Poor Little Rich Girl

(Andy Warhol, 1965)· Shot mostly in close-up, Poor Little Rich Girlis something like a "documentary" about Edie Sedgwick, waking up at home, putting on make-up, and talking to the off-screen Chuck Wein. It is also a profound meditation on issues Warhol is known for dealing with - surface appearances, fetishism - and issues he is less often associated with - loneliness, emptiness, vanity. Warhol creatively layered his out-of-focus first takes over the in-focus second takes to create an elusive portrait of his star.

runtime: 66m format: 16mm

 

7/26/2018 @ 7:00 PM

Straight Shooting

(John Ford, 1917) · John Ford's first full-length feature, Straight Shooting is a silent Western starring Harry Carey (Mr. Smith Goes to Washington) as Cheyenne Harry, a Generic gunman defending farmers' access to water.

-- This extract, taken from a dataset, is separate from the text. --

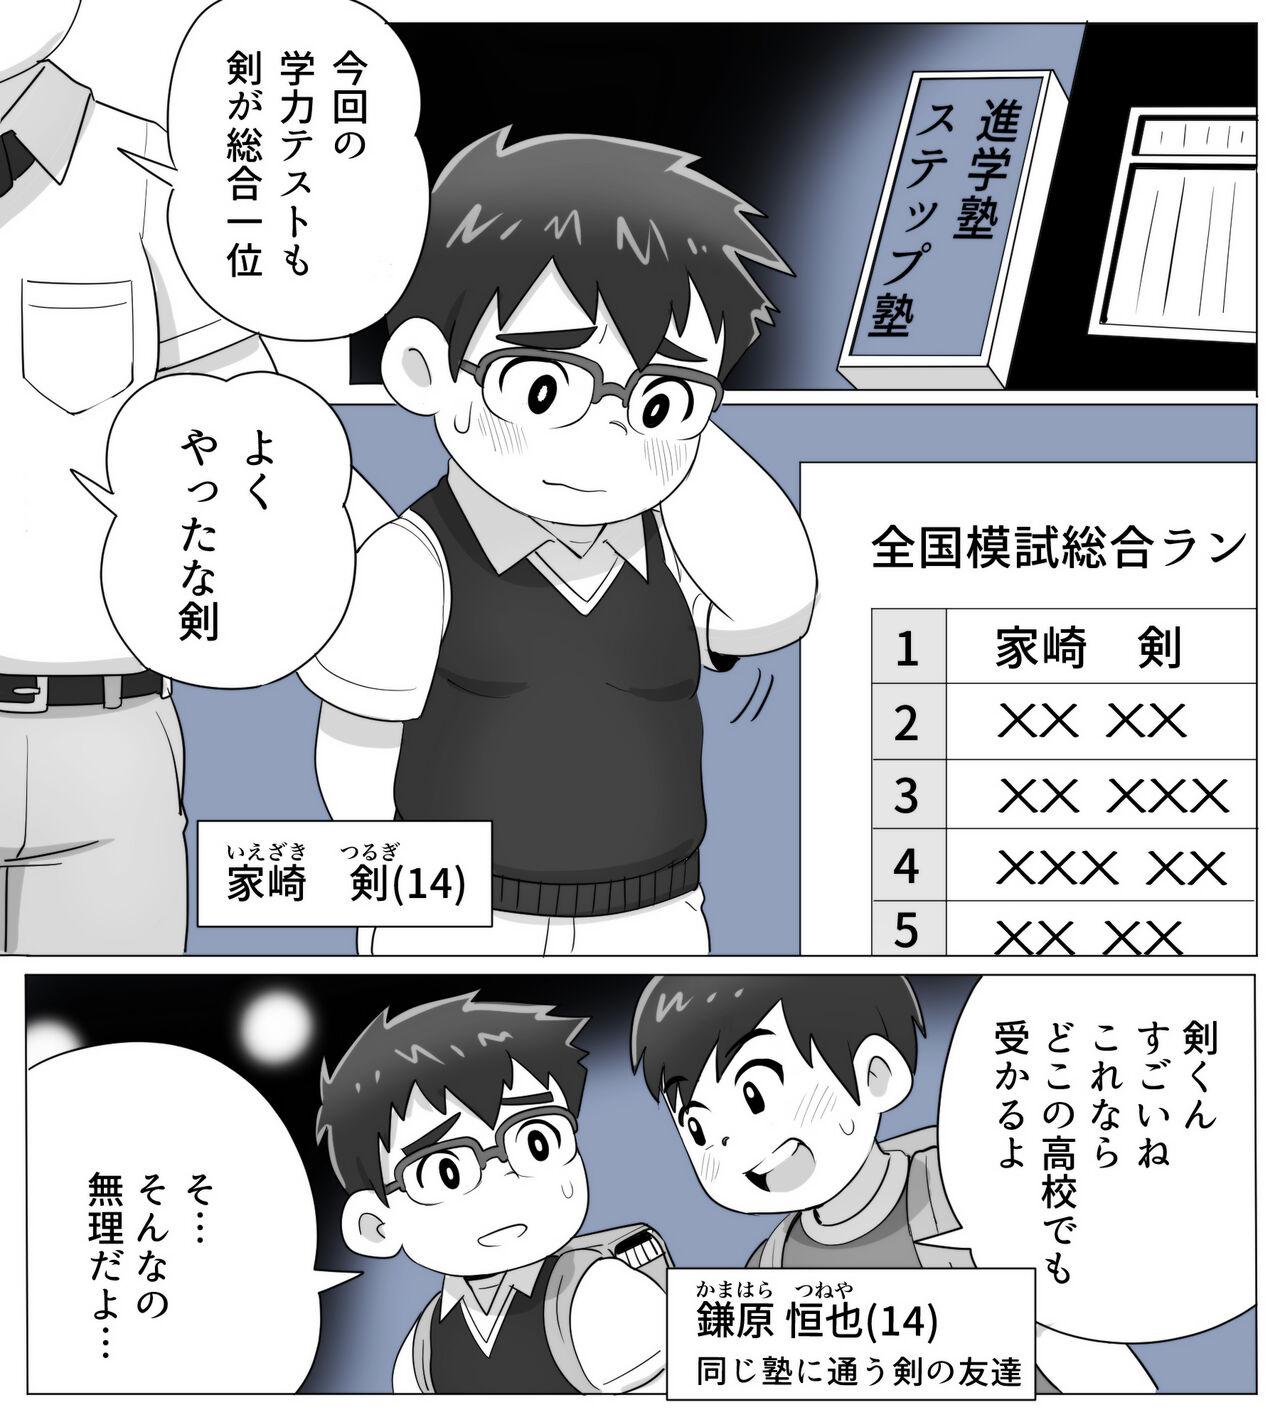 obeccho - 短編漫画「施術にようこそ！剣くん編」 2

One of the first Westerns by a director who would go on to redefine and culminate the genre, Straight Shooting already displays glimmers of Ford's brilliant visual acumen. Print courtesy of the Library of Congress

runtime: 71m format: 35mm

 

8/2/2018 @ 7:00 PM

Nanook of the North

(Robert J. Flaherty, 1922) · A groundbreaking work in documentary film, Nanook of the North follows the lives of an Inuit family braving the unforgiving yet starkly beautiful landscapes of northern Quebec. Set apart by a vivacity that stems from its heroes' resourcefulness (famous scenes include a walrus hunt and the building of an igloo) as well as its own scrappily innovative filmmaking methods, Nanook endures thanks to its "assisted reality," as a milestone in implicit and explicit reportage of the human capacity for ingenuity and awe.

runtime: 79m format: 16mm

 

8/9/2018 @ 7:00 PM

Zorn's Lemma

(Hollis Frampton, 1970) · This seminal work of the American avant-garde takes its name from an influential axiom of mathematical set theory, and structures itself as an exploration of the letters of the alphabet, progressing from New York street signs and the Bible into an otherworldly realm of poetic abstraction. In the words of film historian P. Adams Sitney, "at a time when radical uniqueness seems progressively less probable, Hollis Frampton has made a film that is absolutely one of its kind."

runtime: 60m format: 16mm

 

8/16/2018 @ 7:00 PM

Red Psalm

(Miklós Jancsó, 1972) · FREE SCREENING! Miklós Jancsó has been forgotten in the current craze for long-take cinema, despite being one of its most innovative forebears. Eschewing the rigorous austerity for which the mode is known, Jancsó's freewheeling camera tracks and pans wildly, fusing the long take with kinetic visual spectacle in the service of radical political critique. Red Psalm, which contains a total of just 26 shots, is a lushly sensual Hungarian Communist musical that utilizes this stylistic bravado to exhilarating effect.

runtime: 87m format: DVD

 

8/23/2018 @ 7:00 PM

Plaff!

(Juan Carlos Tabío, 1988) · Before receiving international acclaim with Strawberry and Chocolate, Juan Carlos Tabío's wicked humor took on 1980's Cuba in Plaff!. Concha, a superstitious widow, suddenly finds that someone is throwing eggs at her house. Unhappy with her son's recent marriage and aggravated by the egg-tossing felon, Concha lashes out as tension builds. On the cusp of the fall of the Berlin Wall, Tabío's quirky satire takes aim at Cuban society, with its target encompassing everything from the government to the very process of filmmaking itself.